SMALL BROADBAND ISAC
The Small Broadband Provider ISAC promotes the resiliency and continuity of operation of small network operators across the United States. They collect and disseminate threat information, indicators and mitigation strategies from a variety of public and private sources and facilitate communications among participants. Working closely with industry partners, the federal government and other stakeholders, the Small Broadband Provider ISAC helps small broadband providers recognize, analyze and respond to vulnerabilities, threats and other risks. The Small Broadband Provider ISAC is managed by NTCA–The Rural Broadband Association.
To learn more, visit www.cyber-share.org.
Launched in 2019, the Space Information Sharing and Analysis Center (Space ISAC) is the only space-dedicated ISAC and serves to facilitate collaboration across the global space industry to enhance the ability to prepare for and respond to vulnerabilities, incidents, and threats; to disseminate timely and actionable information among member entities; and to be the primary communications channel for the space sector with respect to this information. This work is made possible through collaboration of a broad membership that spans the entire horizon of the space industry, including organizations large and small involved in space supply chain, business systems, and missions. Together, Space ISAC members are leading the global space community and driving long-term space security today and into the next era by identifying and responding to threats, mitigating risks to the space mission, and regularly convening to protect the space sector and reduce operational costs through sharing threat intel, analyzing trends, and conducting workshops and training. A watch center and lab will be operational in 2024 at the Space ISAC offices, co-located with the National Cybersecurity Center in Colorado Springs, Colorado.

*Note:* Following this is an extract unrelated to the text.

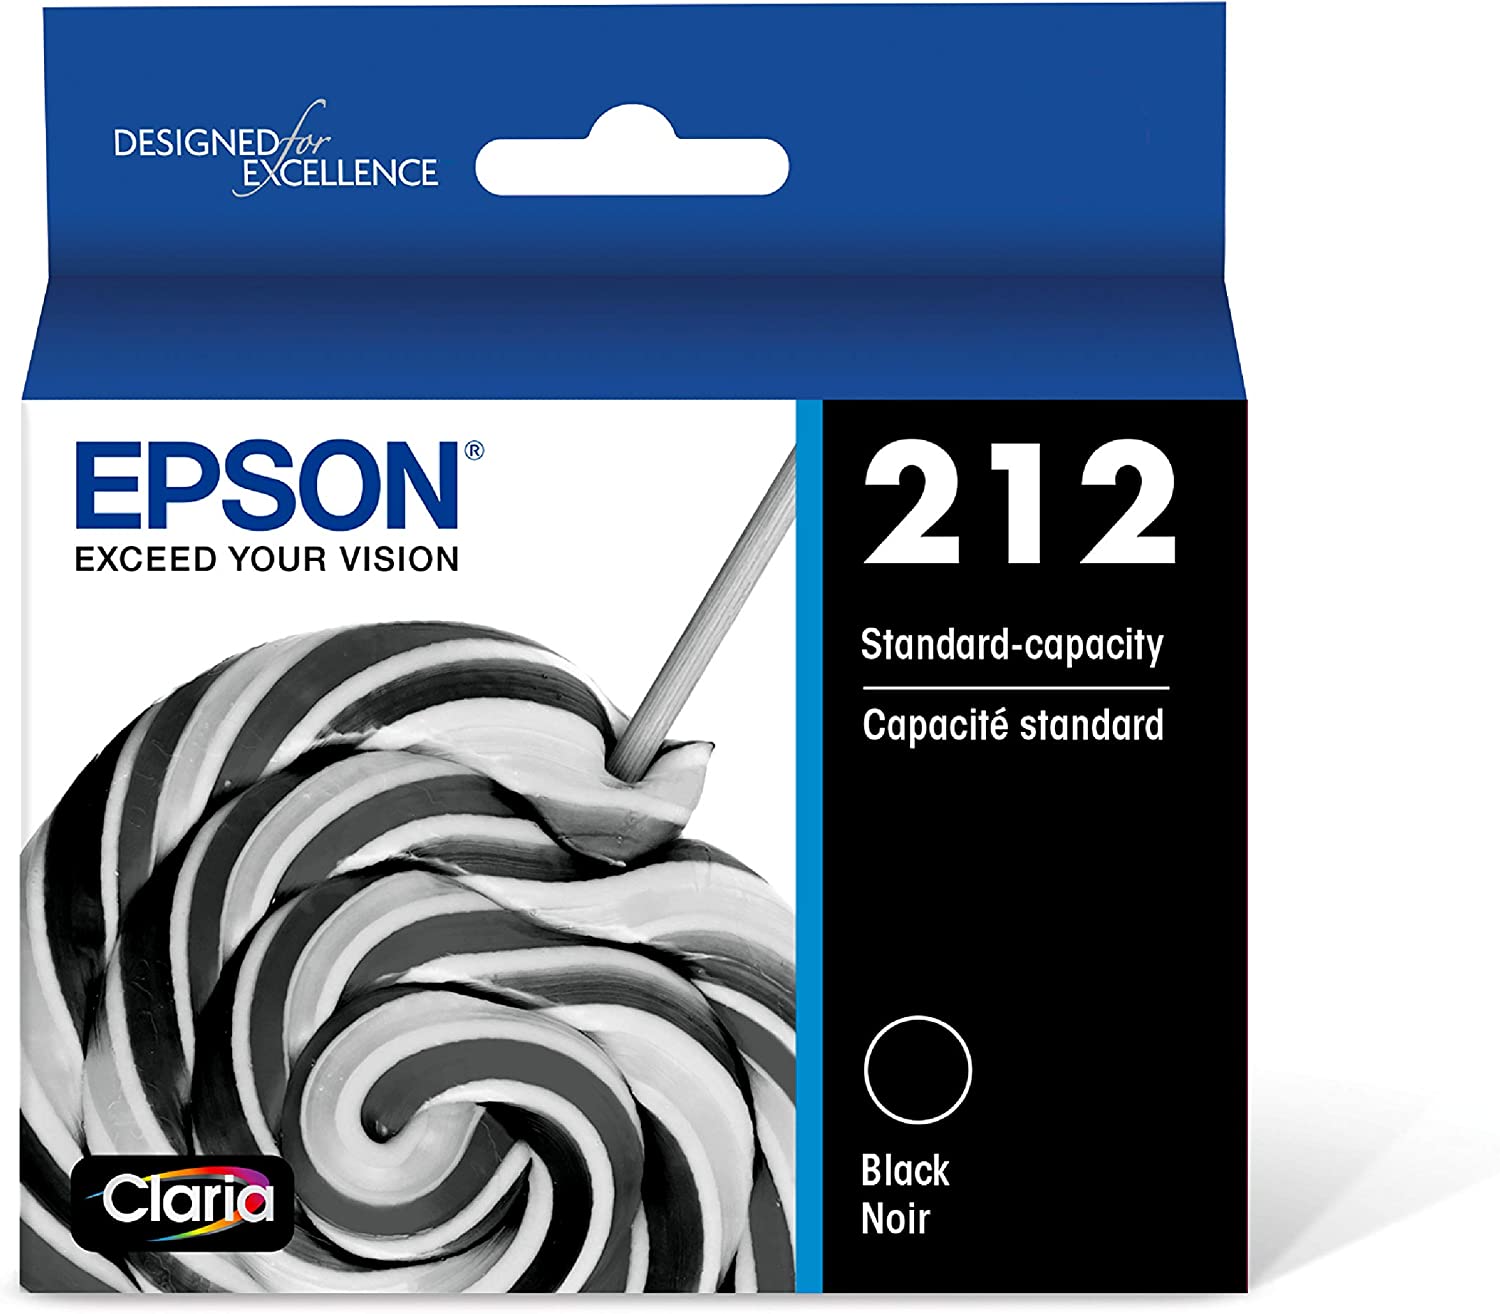 EPSON T212 Claria - 잉크 표준 용량 블랙 - 엡손 표현식 및 워크포스 프린터용 카트리지 (T212120-S)

SURFACE TRANSPORTATION, PUBLIC TRANSPORTATION AND OVER-THE-ROAD BUS ISACS
The ST, PT and OTRB ISACs are trusted, transportation sector specific, 24/7 incident reporting and threat warning entities that establish the transportation sector's specific information/intelligence requirements for incidents, threats and vulnerabilities. Based on its sector-focused subject matter analytical expertise, the ST, PT and OTRB ISACs collect, analyze and disseminate alerts and incident reports to their membership and help the Government understand impacts for their sector. They provide an electronic trusted ability for the membership to exchange and share information on cyber, physical and natural threats in order to defend critical infrastructure.
WaterISAC, a nonprofit organization established in 2002, is the information sharing and operational arm of the U.S. water and wastewater sector. WaterISAC helps members strengthen their physical and cyber security, recover from natural and man-made disasters and improve overall preparedness and resilience. Through a secure web portal, twice-weekly e-newsletters, alerts and webinars, WaterISAC delivers a rich and thorough library of physical and cyber threat information; guidance on risk management, mitigation and resilience; contaminant databases and much more. Members include hundreds of utilities serving more than 221 million people, mainly in the U.S, but also in Canada, Australia and New Zealand, as well as other sector stakeholders.